Папа сел в машину вместе с нами, чтобы мы его подбросили до работы. В присутствии мамы мы с ним вроде как отдыхали друг от друга. Он не мог у нее на глазах злиться и бить меня, поэтому мне не приходилось особенно следить за тем, что я говорю или делаю. Я просто сидела на заднем сиденье и смотрела на выведенные черной краской номера домов, мимо которых мы проезжали.
Вдруг папа приглушил радио и сказал:
— Если увижу хоть одну царапину, то очень-очень разозлюсь.
— Да ну? Если бы не эта твоя война, ты бы не бойкотировал Рождество, сам бы поехал за елкой и сам бы оцарапал свою машину. Так что заткнись.

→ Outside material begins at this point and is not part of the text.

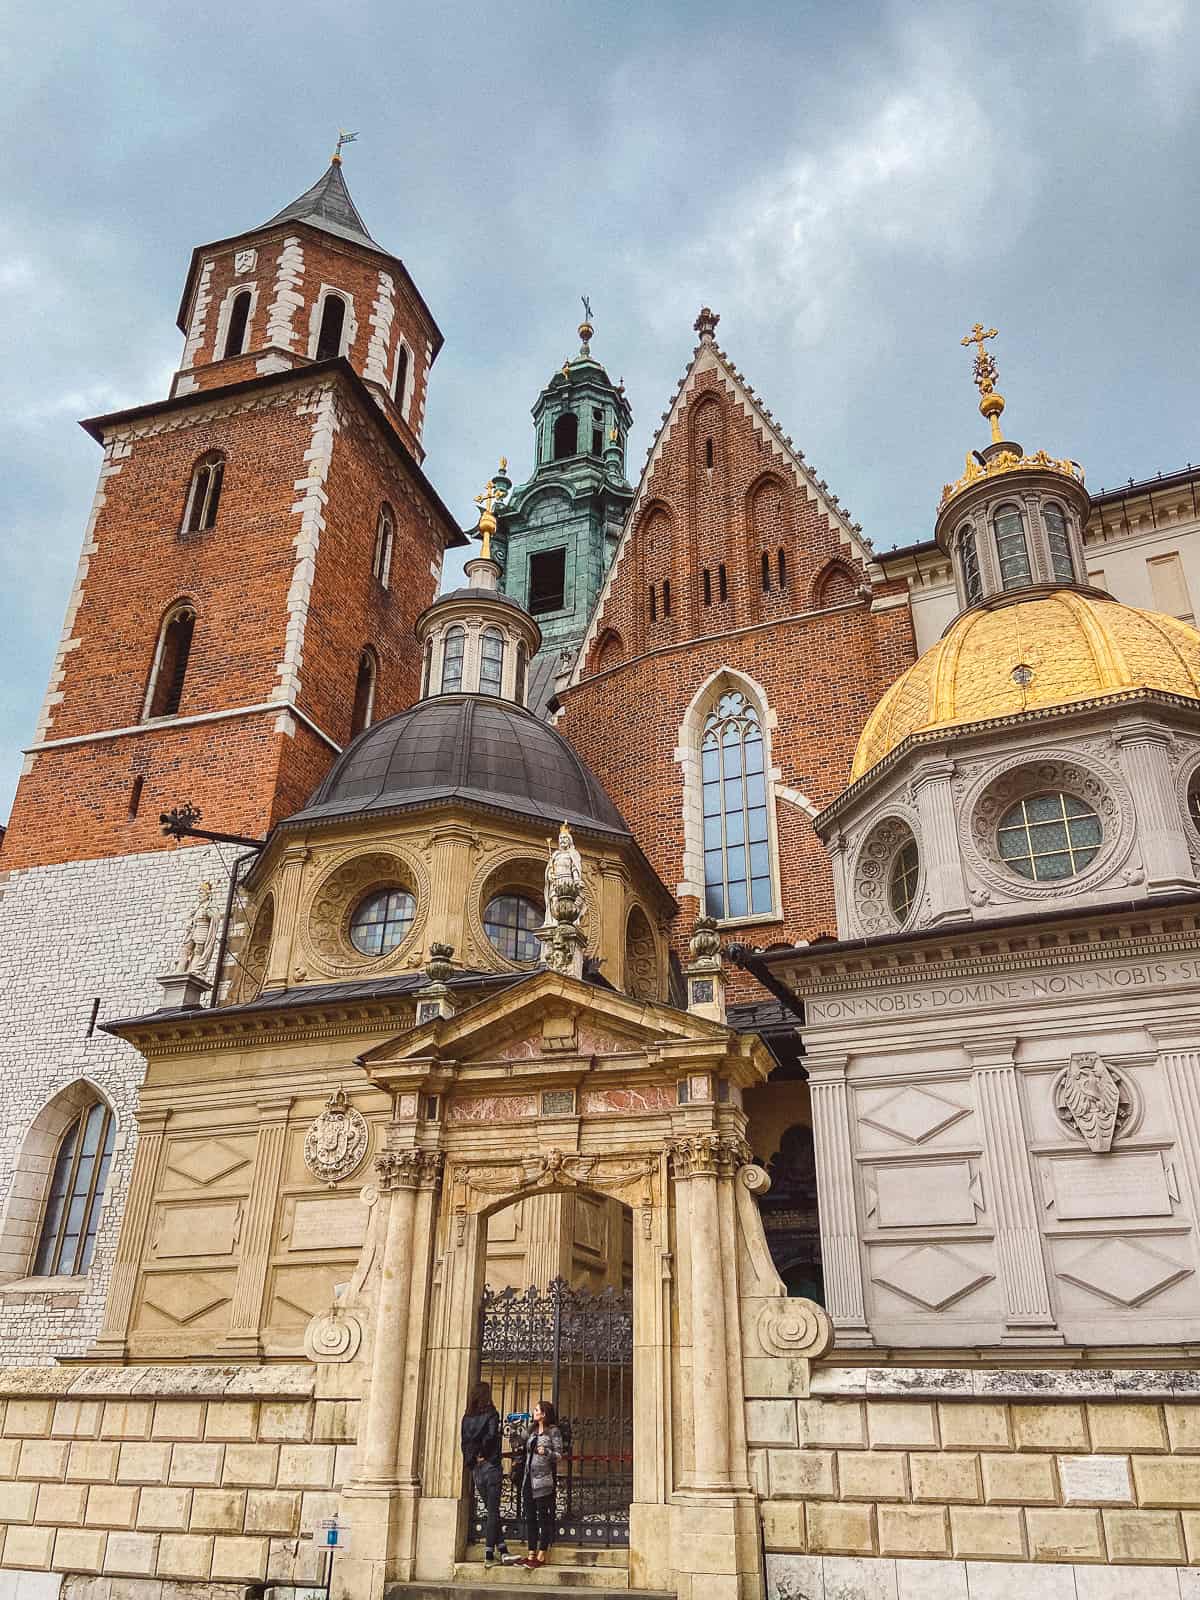 The historical and ornate architectural details of Wawel Cathedral in Krakow, featuring a mix of Gothic, Renaissance, and Baroque elements, under a cloudy sky conveying a sense of historical depth and cultural significance.

Папа промолчал. Это было восхитительно — слушать, как мама так с ним говорит, а он даже не может ей ничего ответить.
— И чтобы никакой липкой смолы, — добавил папа. — Ее потом ничем не отмоешь.
— Может, хоть на секунду перестанешь всех третировать? — поинтересовалась мама, потом повернулась ко мне и спросила: — Как ты можешь с ним жить?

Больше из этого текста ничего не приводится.